1. Based on a systematic review, the U.S. Preventive Services Task Force (USPSTF) has released a statement recommending one-time ultrasonography screening for asymptomatic abdominal aortic aneurysms (AAAs) in men 65-75 years old who have a history of smoking (B recommendation).
Evidence Rating Level: 1 (Excellent)
Study Rundown: There is particular interest in the benefits of screening for abdominal aortic aneurysms (AAA). AAAs are associated with high mortality after rupture, but unfortunately usually remain asymptomatic and undetected until this point. Based on a recent commissioned systematic review, the USPSTF has released a recommendation statement pertaining to ultrasonography AAA screening. Primarily, the statement recommends that clinicians offer one-time screening to male patients aged 65-75 years old who have a history of past or present smoking (B recommendation). This statement was based on four large randomized control trials (RCTs) in men, of which the two of the highest-quality trials of showed a relative reduction in AAA-specific mortality of 42-66% associated with one-time AAA screening. AAAs are most prevalent in men who have ever smoked (6-7%), and thus, the highest absolute benefit can be achieved in this particular patient population.
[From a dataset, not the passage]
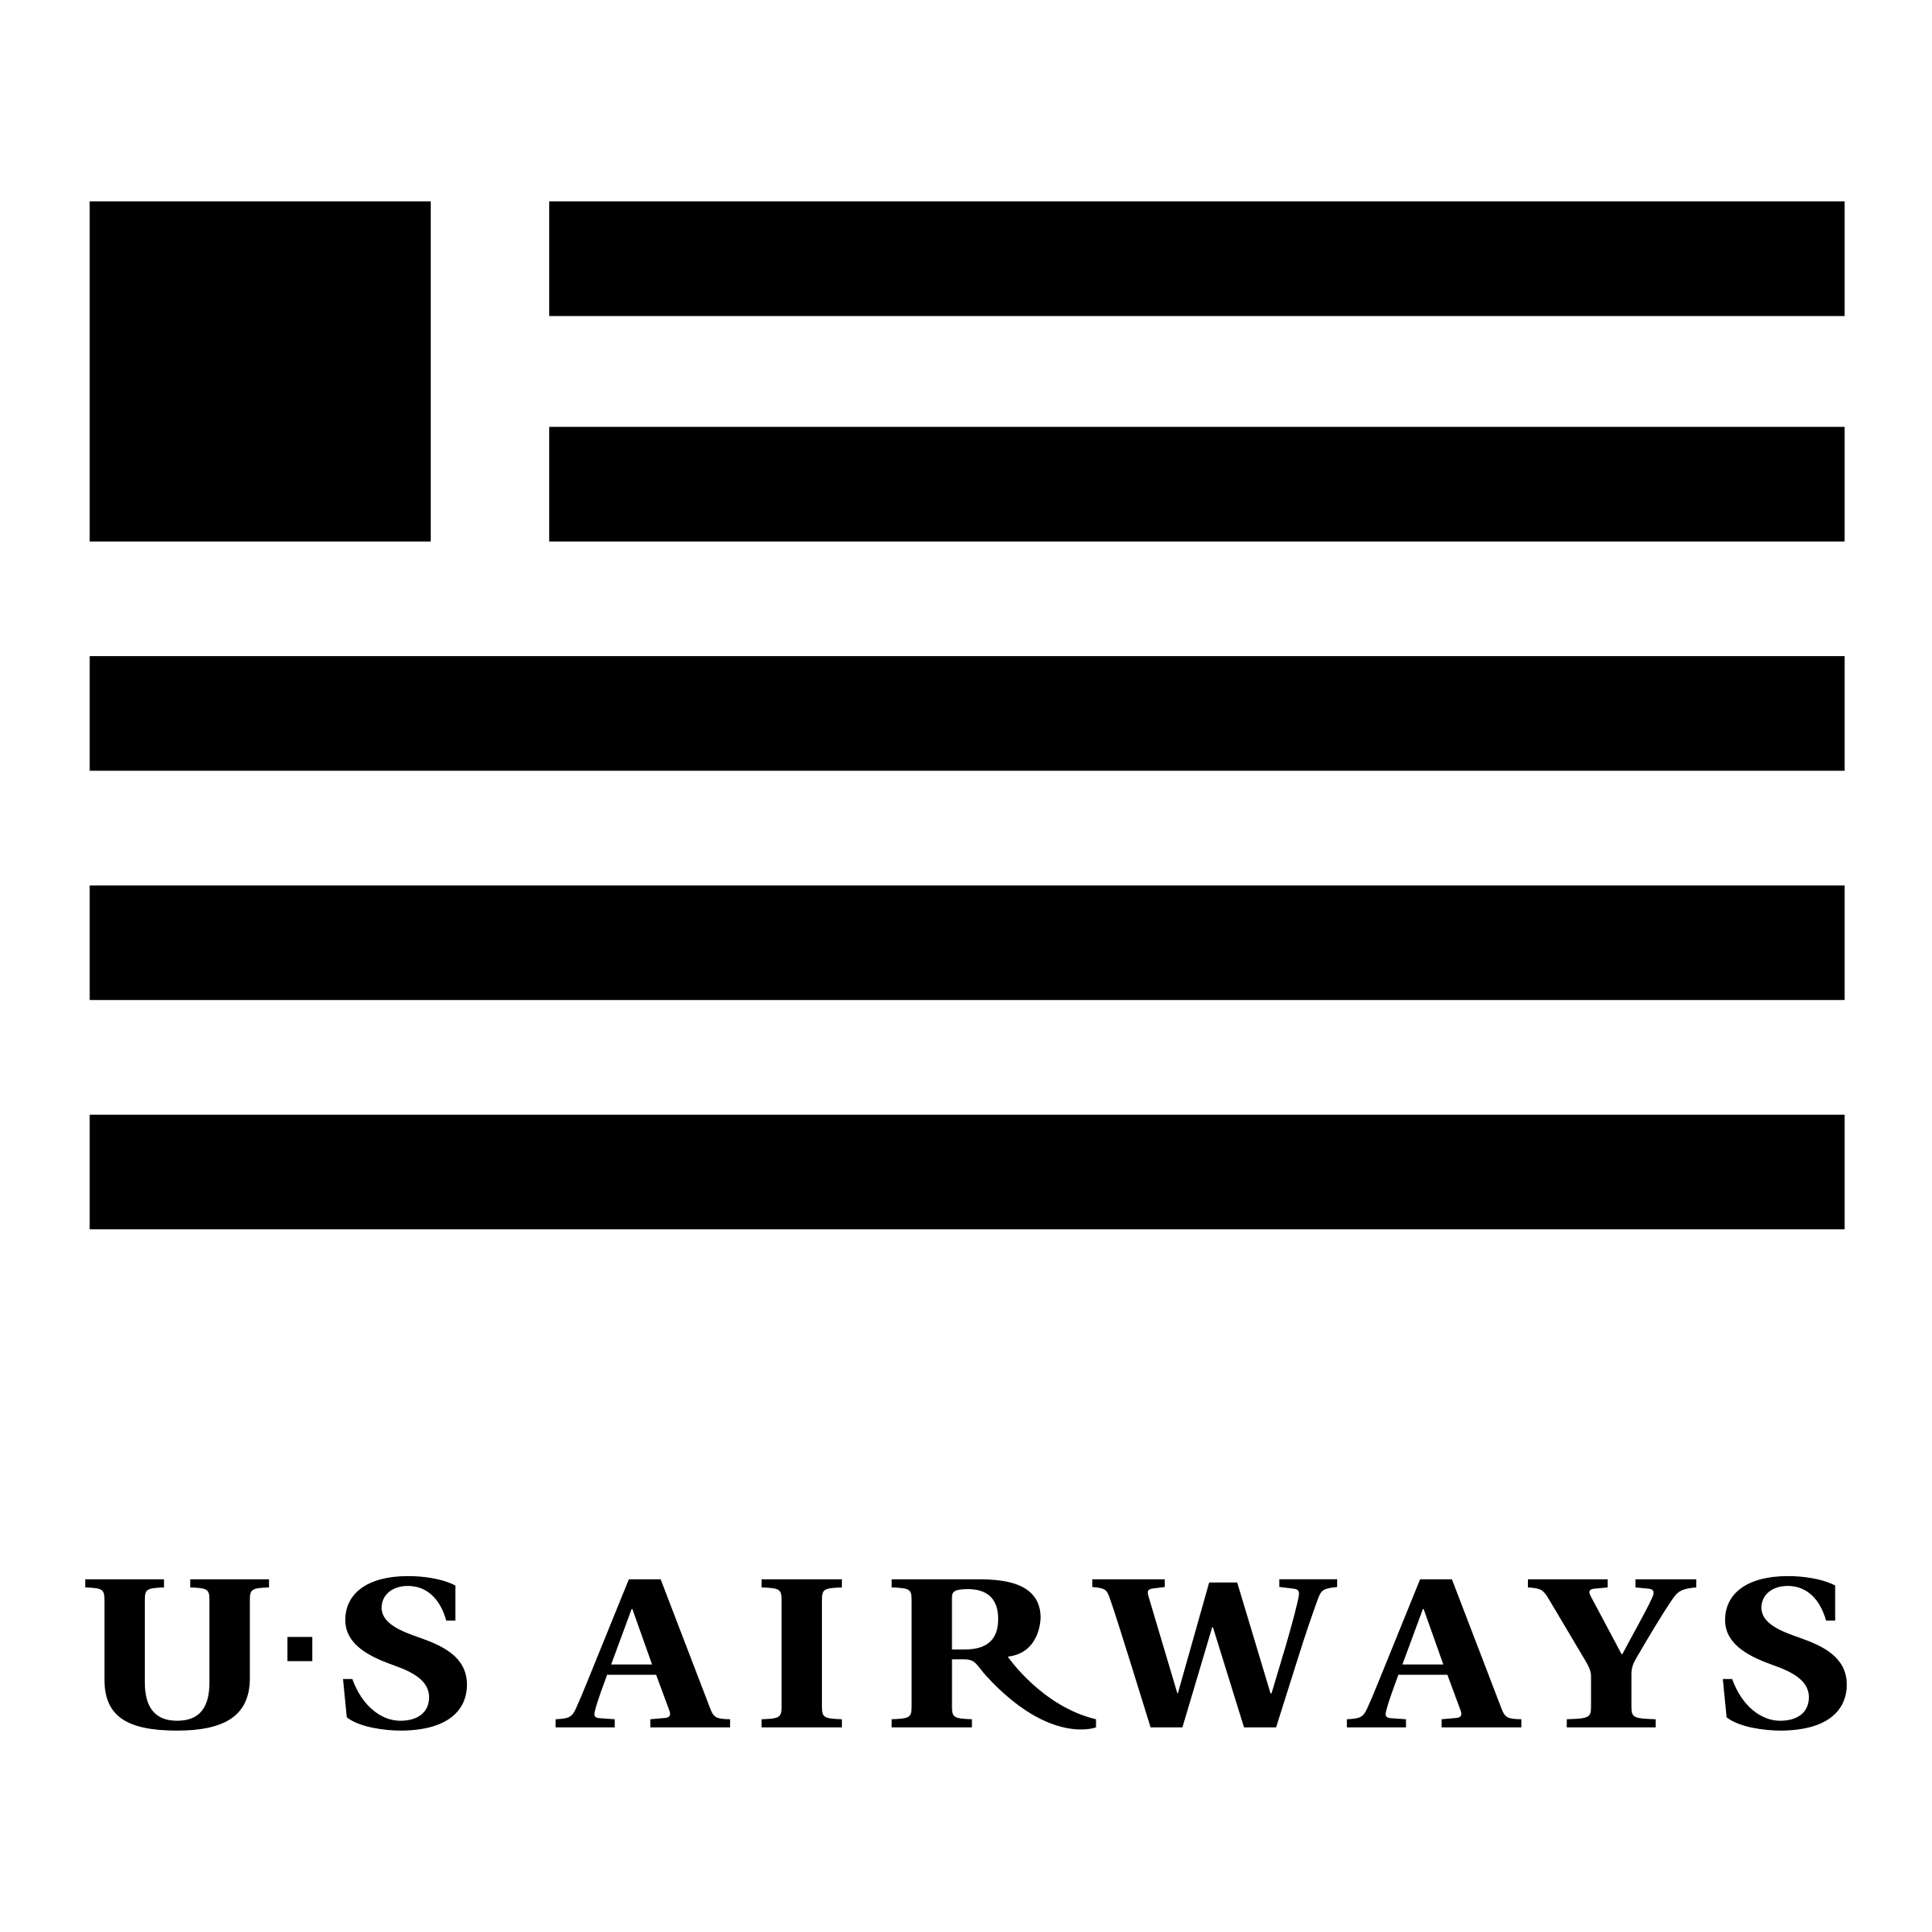 US Airways Logo - US Airways Logo PNG Transparent & SVG Vector - Freebie Supply

Although screening in men overall reduces poor outcomes associated with AAA, given the lower prevalence of AAAs in in men who have never smoked, the net benefit of screening in this group is small. The statement also recommended against ultrasound screening for AAA in women who have never smoked (D recommendation), but identified that that there is insufficient evidence to assess screening in woman who have a history of smoking (I statement).
In-Depth [systematic review]: This recommendation statement applies to asymptomatic patients greater than 50 years old. The systematic review identified four large RCTs in men, which showed that one-time screening was associated with a 42-66% relative reduction in AAA-specific mortality. Only one RCT identified included woman, which showed no difference in AAA related outcomes among women. Given the relatively low prevalence in women who have smoked (0.8-2%), the USPSTF concluded that there was inadequate evidence to determine the benefits and harms of screening in women who have smoked aged 65 to 75 years old. However, in women who have never smoked, the prevalence of AAA is very low (0.3%) and therefore, the USPSTF have recommended against screening among this population. The recommendation statement also reviewed the harms of detection and early treatment. In the reviewed trials, the screened groups were more likely to undergo AAA surgery (mostly elective). However, the mortality risk of elective is less than that associated with acute AAA rupture.